Computational study of multiferroic materials

This thesis examines computational approaches to finding novel multiferroic materials in two dimensions. Ferroic materials are characterized by the presence of at least one type of primary ferroic order such as ferromagnetism, ferroelectricity or ferroelasticity. Multiferroics on the other hand contain at least two of these orders simultaneously. This feature has lead to a surge of interest in recent years, from researchers trying to understand the fundamental mechanisms that drive multiferroism. In addition there has been speculation that these materials could potential have various technological applications.
The relevant theoretical framework for understanding the properties of materials is quantum mechanics. This thesis applies density functional theory (DFT), a quantum mechanical computational method that has proven very useful for investigating the electronic structure of solids as well as a variety of condensed phases. Density functional theory is applied in conjunction with the modern theory of polarization to compute the spontaneous polarization in ferroelectric materials from first-principles. This method is applied in order to systematically screen databases for potential ferroelectric candidates. This is achieved by applying high-throughput frameworks that allows researchers to automate a large part of the computational process. The main result presented is a screening for novel two dimensional ferroelectric materials. Spontaneous polarizations are computed for identified ferroelectric candidates. Further analysis includes a thermodynamic classification using phonons as well as computations of upper bounds on coercive electric fields. The identified ferroelectric materials include previously known materials as well as novel ones that will likely be the subject of future investigation.
In addition recent results obtained for the Computational 2D materials database (C2DB) are presented, with an emphasis on the addition of electric polarizations. The thesis also briefly covers a computational study of the formation of charged domain walls due to oxygen vacancies in BaTiO3. Our results indicate that the vacancies are not only stabilizing agents for the negatively charged walls, but are also critical in order to explain how these are formed in the first place.

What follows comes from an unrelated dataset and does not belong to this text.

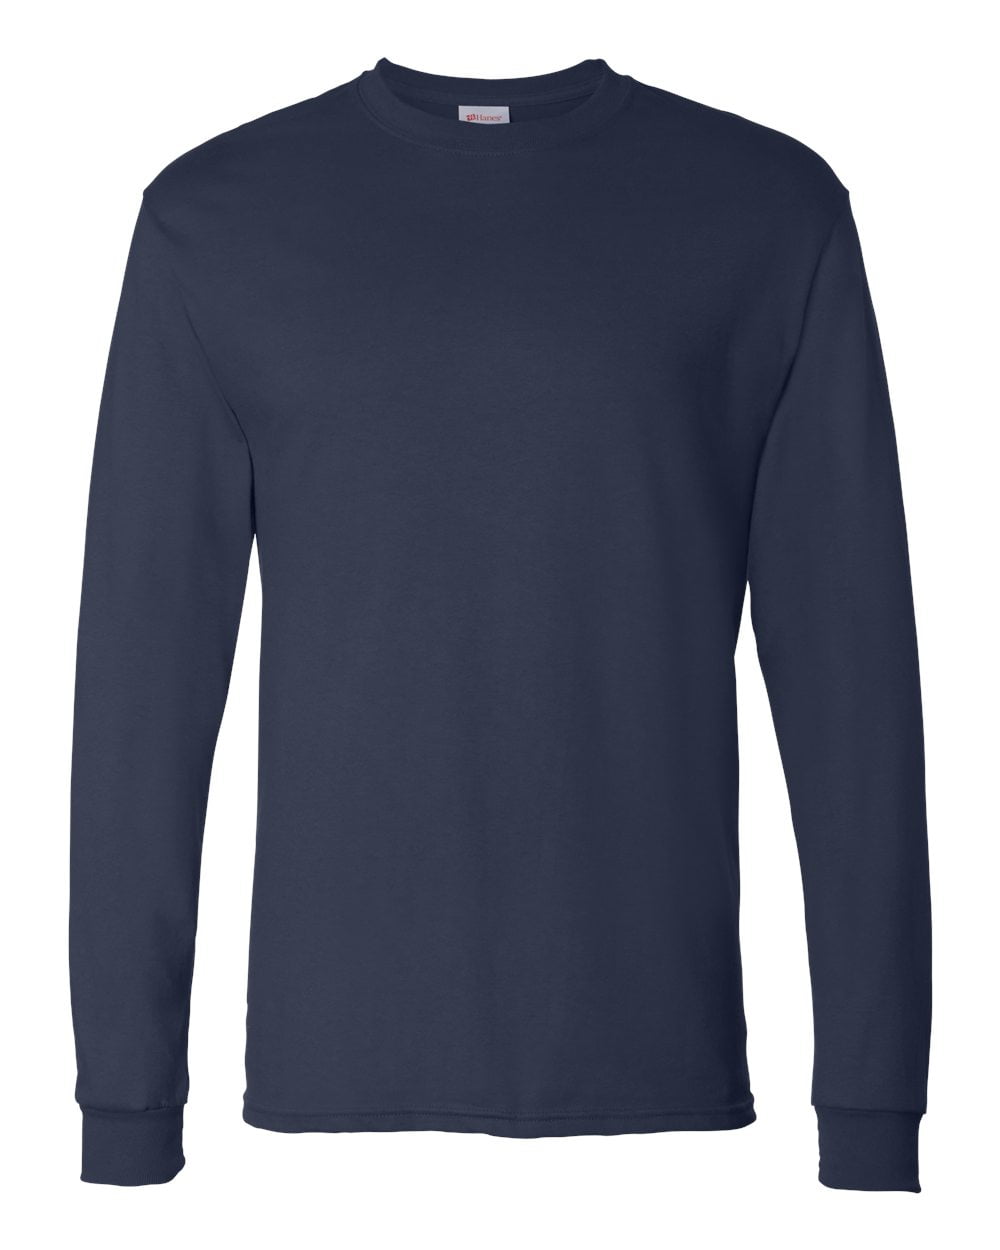 Details about   Hanes Men'S Long-Sleeve Comfortsoft T-Shirt Pack Of 4

A chapter of this thesis deals with the anomalous Hall effect in metallic magnets. The chapter covers the necessary theoretical background specifically linear response theory. Benchmark calculations are performed using an implementation of the anomalous Hall conductivity into the DFT code GPAW. The results indicate good agreement with literature in some cases, but is inconclusive in some scenarios. It is concluded that adaptive refinement of k-point grids are necessary in order to conclusively demonstrate the accuracy of the implemented code.